Augustin is obviously much smaller than Hill, who stands 6-foot-2 with long arms that can bother pick-and-roll ball handlers from behind. But he’s also less steady and less disciplined, and opposing ball handlers can confuse him and cross him up with small fakes — little jukes that end with Augustin a fatal beat behind the play, or smushed against a pick. Every bit of ground the point guard loses in defending the pick-and-roll means the other four defenders have to extend their help defense that much further, and that creates holes all over the place.
• Carmelo Anthony made some damn tough shots. He was only 12-of-28, which isn’t great, but it was good enough — especially considering the degree of difficulty.
• Hibbert praised Mahinmi after the game, and Mahinmi deserves it. He’s giving Indiana good minutes on both ends of the floor in this series, but mostly as the agile rim protector the team was missing last season.
• Hill’s injury also creates some painful trickle-down effects for the Pacers. They played about nine minutes tonight without a traditional point guard, with George and Stephenson combining to fill that role. That almost literally never happened in the regular season. No lineup lacking both Hill and Augustin logged more than 21 minutes all season, per NBA.com, and that lineup included Ben Hansbrough — a true point guard who briefly stole Augustin’s job. Hansbrough was in every non-Hill/Augustin five-man group that logged more than a couple of minutes all season.

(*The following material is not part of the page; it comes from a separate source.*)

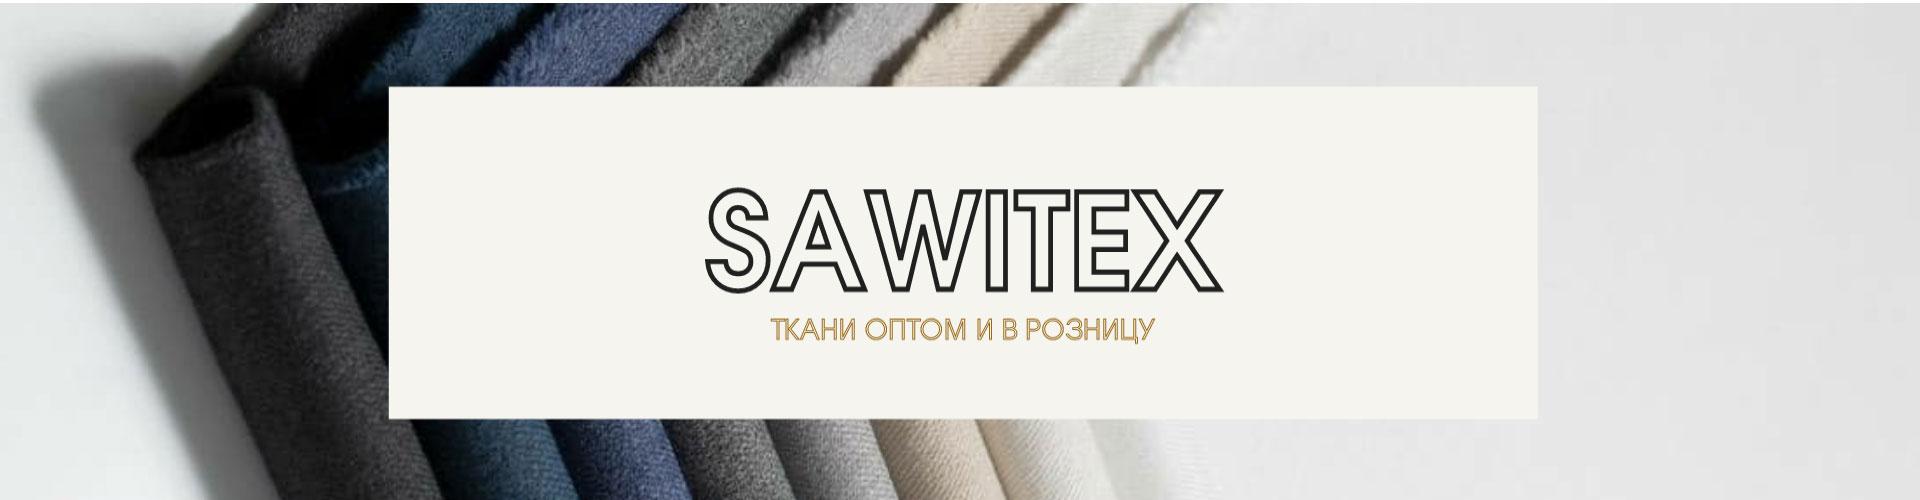 sawitex3

With a wing player filling the point guard slot for those nine minutes, Vogel turned to a few other seldom-used groupings — including the Sam Young–Green combination of death, and the Stephenson-Young-Green trio. It can’t feel good to reach like that in an closeout game.
• Pitbull and Ne-Yo, “Give Me Everything” count: Just one appearance, but it was as horrible as ever.
• The Knicks, as mentioned, mixed up some of their pick-and-roll sets in interesting ways. Early in the third quarter, they began three consecutive possessions by entering the ball to Anthony at the left elbow, clearly setting up for him to run a pick-and-roll with Tyson Chandler at the other elbow:
On the first possession, that’s exactly what they did, and Anthony missed a very tough midrange jumper over George. They set up the same way on the next possession, and the Pacers likely expected the same play. But instead, Anthony pitched the ball to Felton on the left wing, and Anthony and Chandler combined to set a monster double screen for Felton — a pick that freed Felton to dribble into the middle of the floor and hit a floater:
They ran another variation on the next possession, with Felton driving away from the double screen, getting into the paint, and skipping the ball to Prigioni for an open 3-pointer. Good stuff.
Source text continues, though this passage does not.